Frosted Papaya vs Artichoke
Frosted Papaya is a Dulux color while Artichoke comes from Sherwin-Williams. Hue-wise, Frosted Papaya belongs to the beige-pink family and Artichoke to the grey family. At LRV 31 vs 21, Frosted Papaya will read as the brighter of the two — a 10-point gap that matters most in north-facing or low-light rooms. The tonal difference — Frosted Papaya's warm character against Artichoke's neutral — becomes most visible against white trim or in morning light. At ΔE 36.3, these are genuinely distinct colors — a strong contrast if used together, or a meaningful choice between two different directions. Below you'll find 2 real-room photo comparisons where both colors appear side by side, plus 5 simulated room previews.

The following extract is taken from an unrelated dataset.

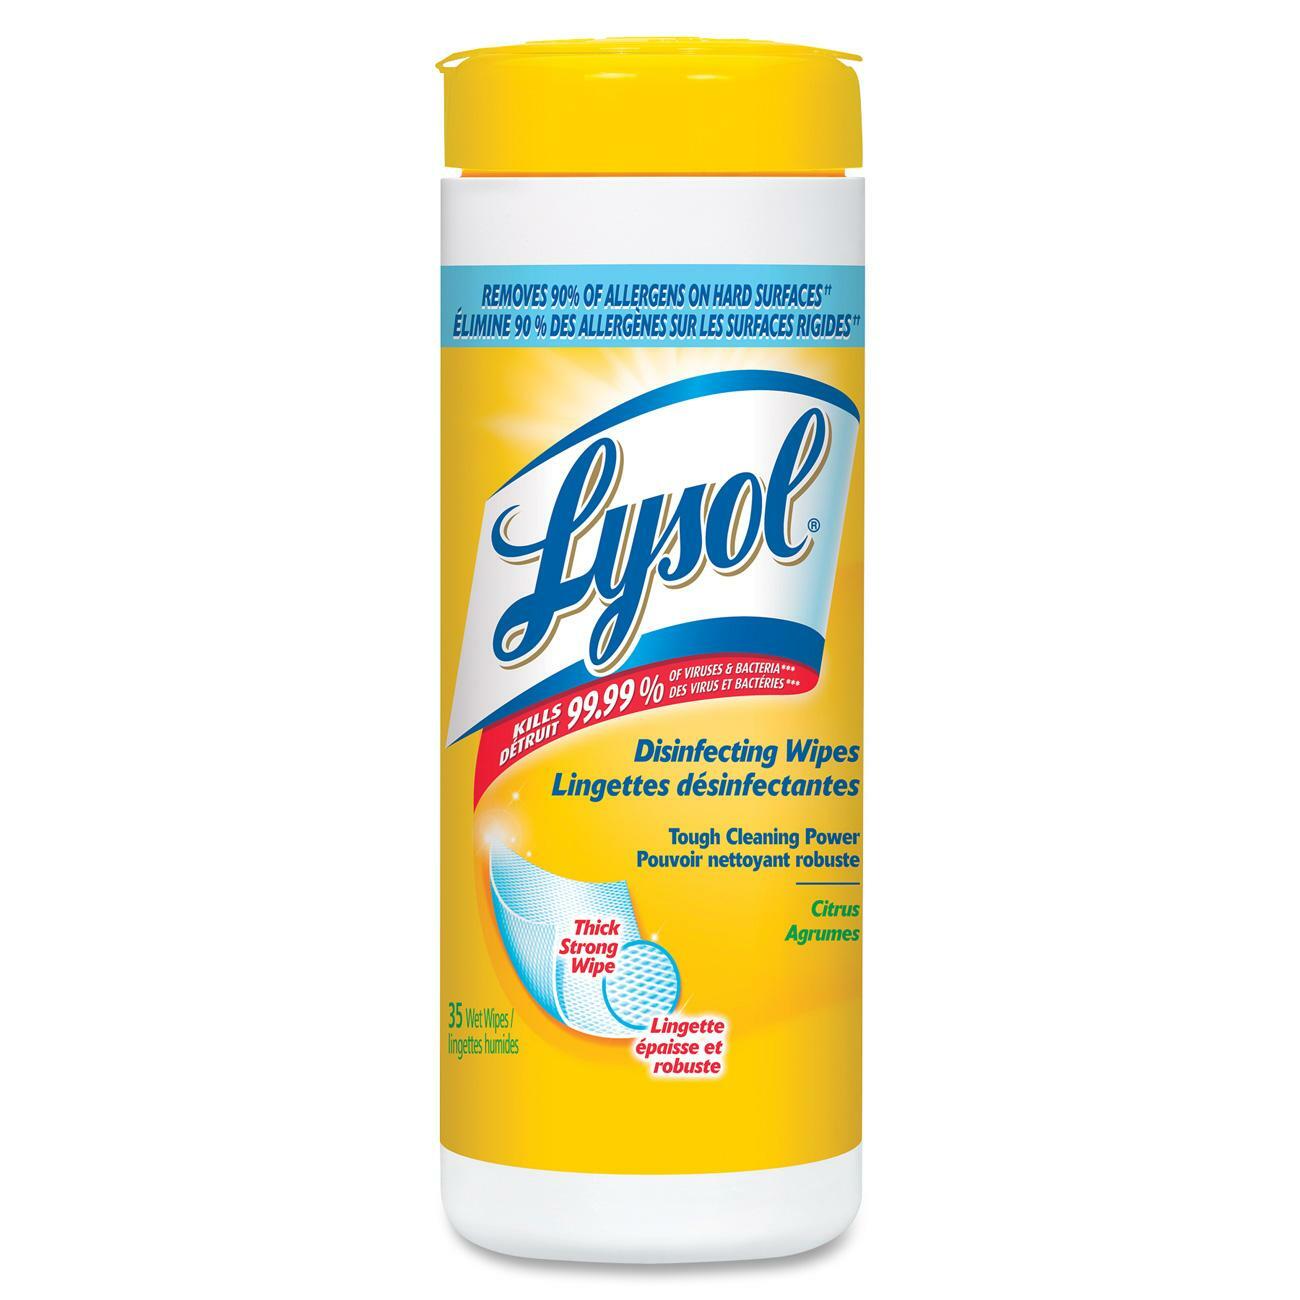 Lysol wipes

Frosted Papaya vs Artichoke in Real Spaces
2 real rooms side by side. Seeing Frosted Papaya and Artichoke in actual rooms makes the difference concrete; browse the spaces below to get a feel for how each color lives on a wall.
Bedroom
Bedroom walls are often seen under warm artificial light, a context that shifts both colors from how they look on a chip. The LRV gap is large enough that Frosted Papaya will make the room feel meaningfully brighter than Artichoke would.
Bathroom
Bathrooms amplify color — the enclosed space and reflective surfaces make what reads subtle elsewhere feel more present here. The LRV gap is large enough that Frosted Papaya will make the room feel meaningfully brighter than Artichoke would.
Color Details
Frosted Papaya vs Artichoke Simulated Comparison
5 simulated room previews — drag the slider on each to see Frosted Papaya on one side and Artichoke on the other.
Digital color is approximate. These simulations are generated from the manufacturer's hex values and overlaid on grayscale room photos — your screen's calibration, brightness, and viewing angle all affect how they render. Before committing to either color, test physical samples in your own space under the light you actually live with.
More Frosted Papaya comparisons
See how Frosted Papaya stacks up against other well-photographed colors across different brands and tones.